* Input data
Content starts

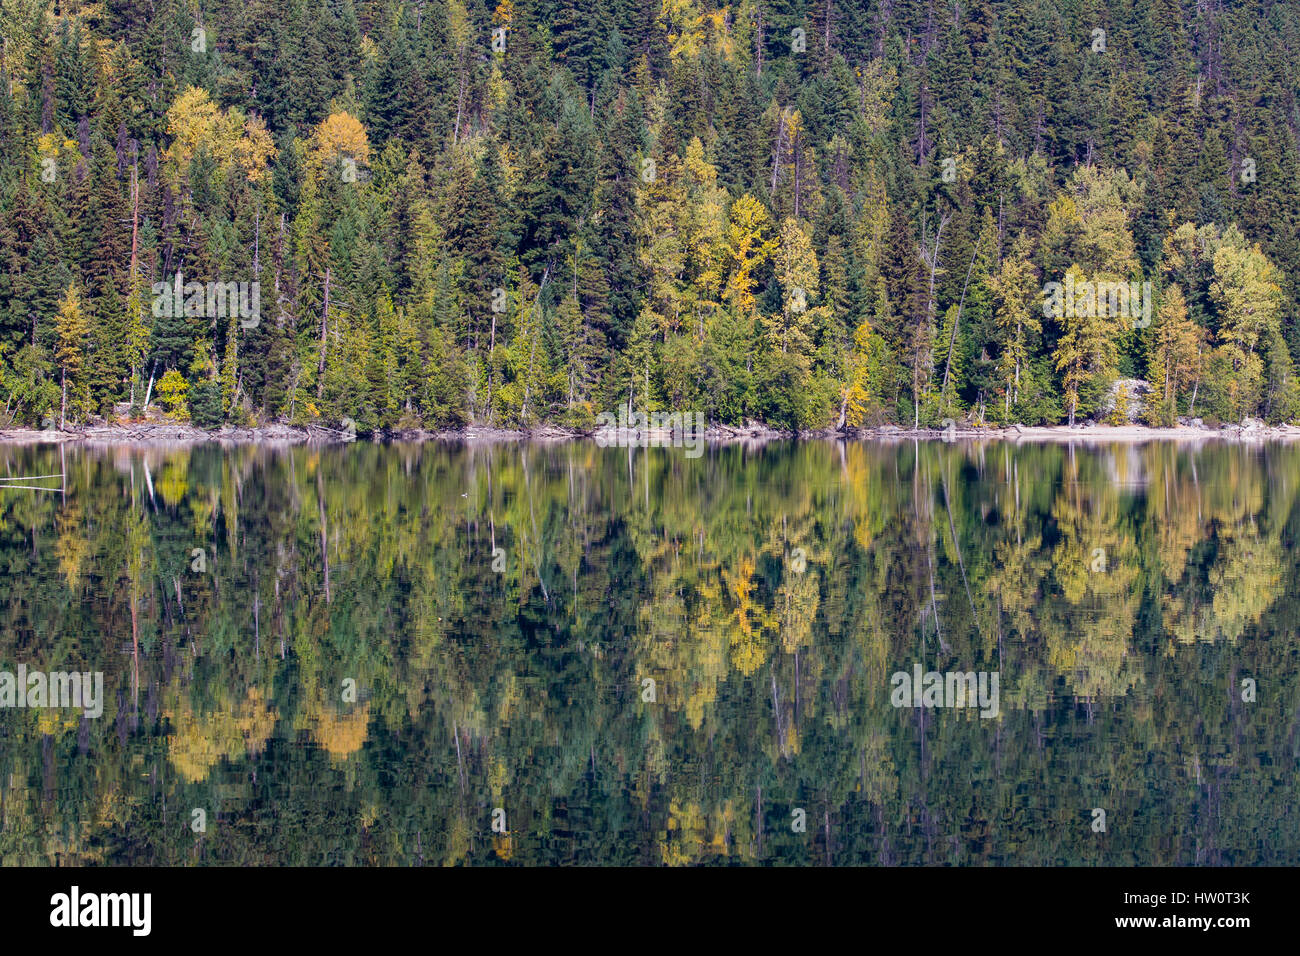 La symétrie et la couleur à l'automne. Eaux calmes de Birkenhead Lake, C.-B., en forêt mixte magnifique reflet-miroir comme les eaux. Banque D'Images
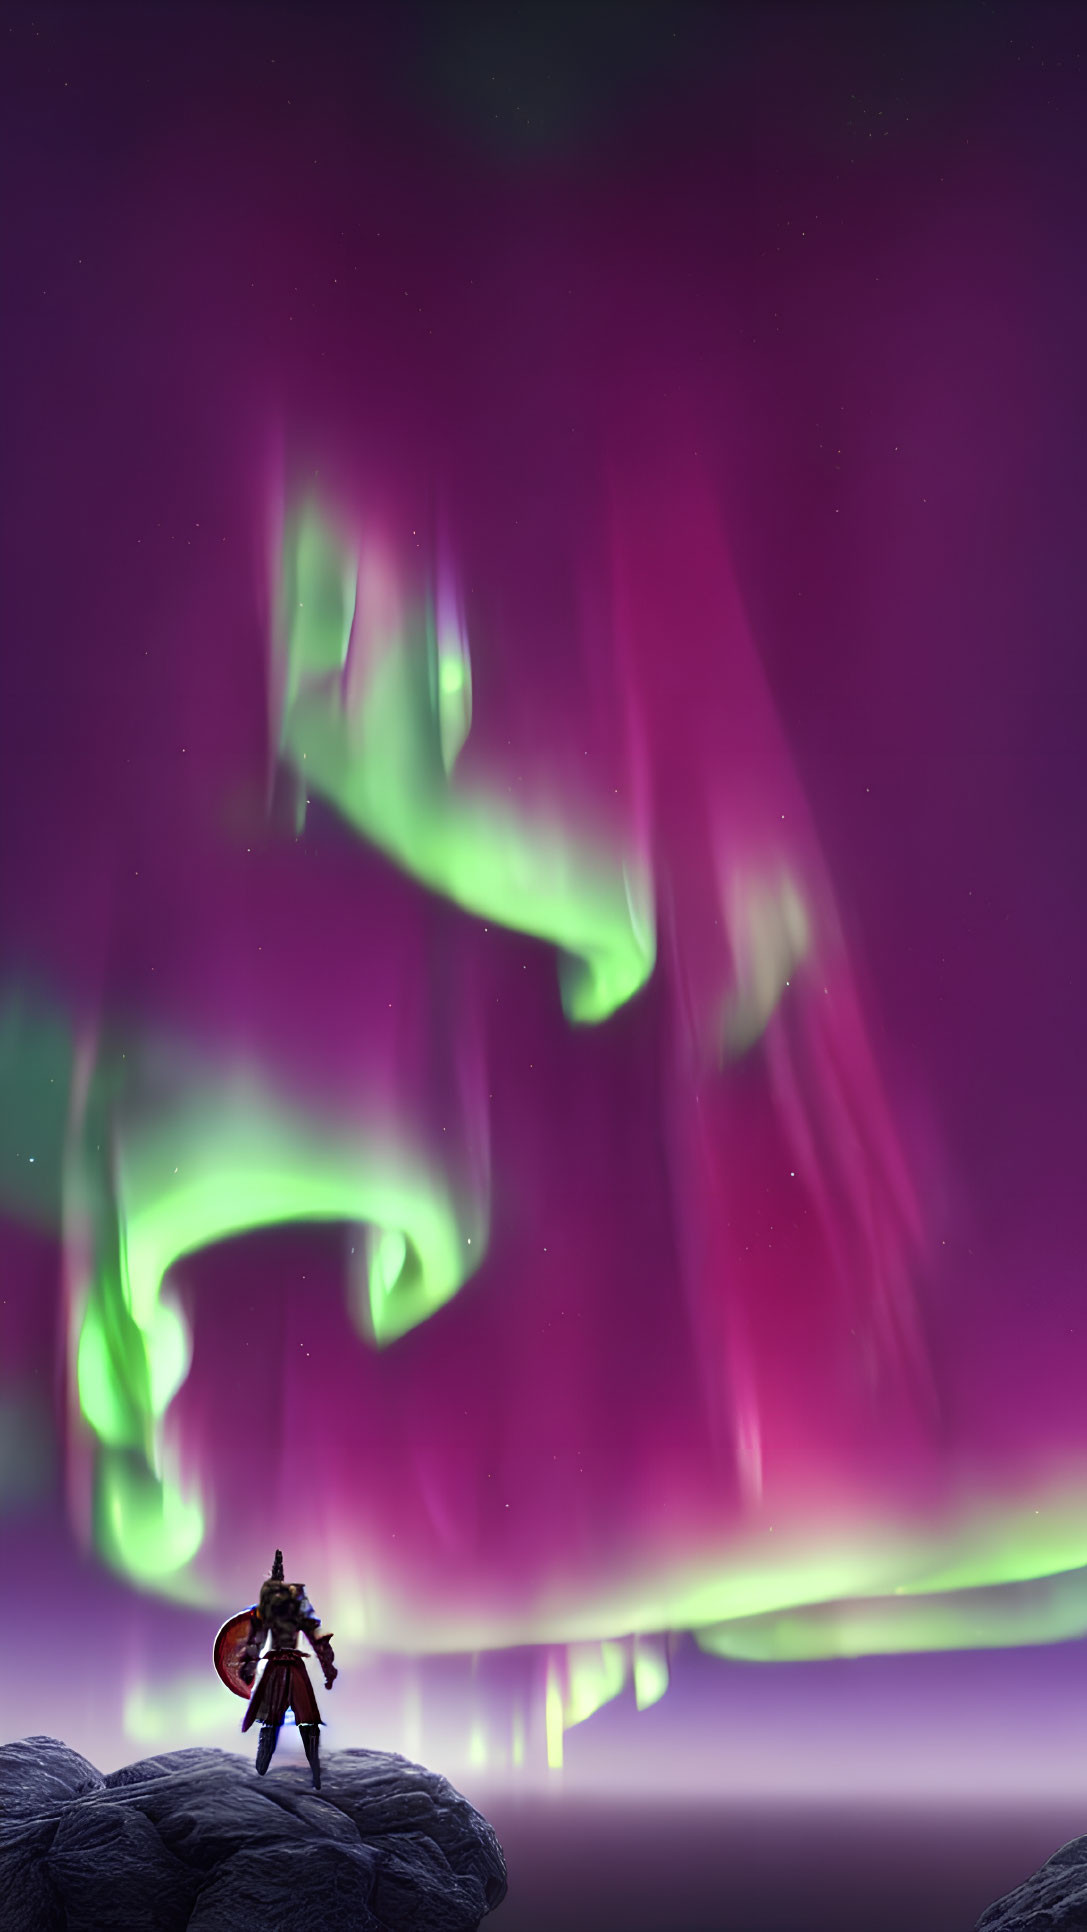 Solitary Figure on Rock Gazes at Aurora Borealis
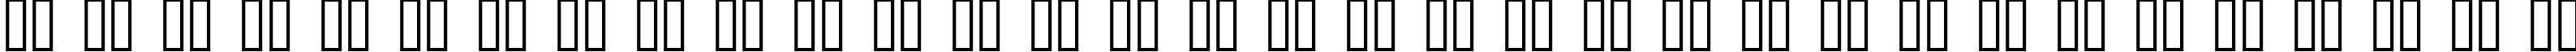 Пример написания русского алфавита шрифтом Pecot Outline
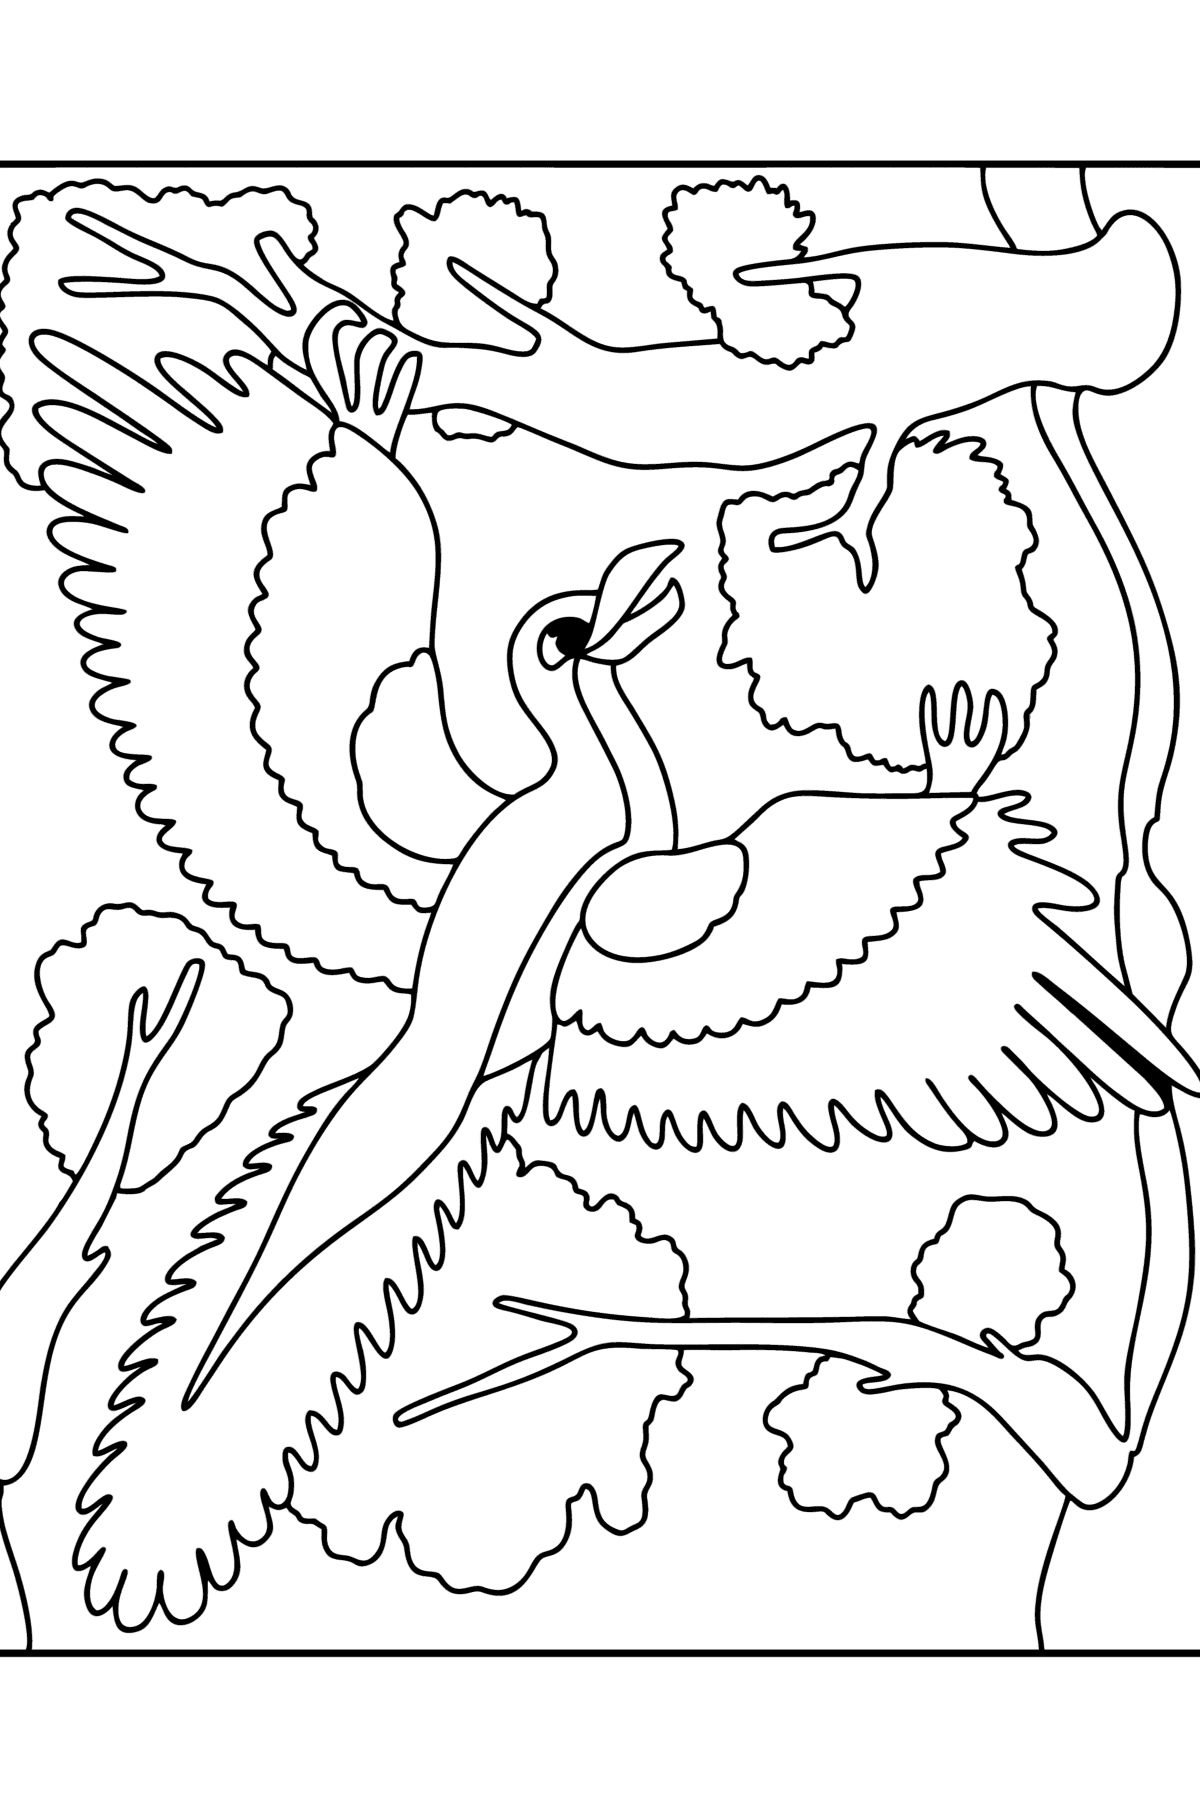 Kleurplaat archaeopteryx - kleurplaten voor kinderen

Content ends

* Brief
Copy out all the data without changing anything, and drop the pictures.

* Task solution
 La symétrie et la couleur à l'automne. Eaux calmes de Birkenhead Lake, C.-B., en forêt mixte magnifique reflet-miroir comme les eaux. Banque D'Images
 Solitary Figure on Rock Gazes at Aurora Borealis
 Пример написания русского алфавита шрифтом Pecot Outline
 Kleurplaat archaeopteryx - kleurplaten voor kinderen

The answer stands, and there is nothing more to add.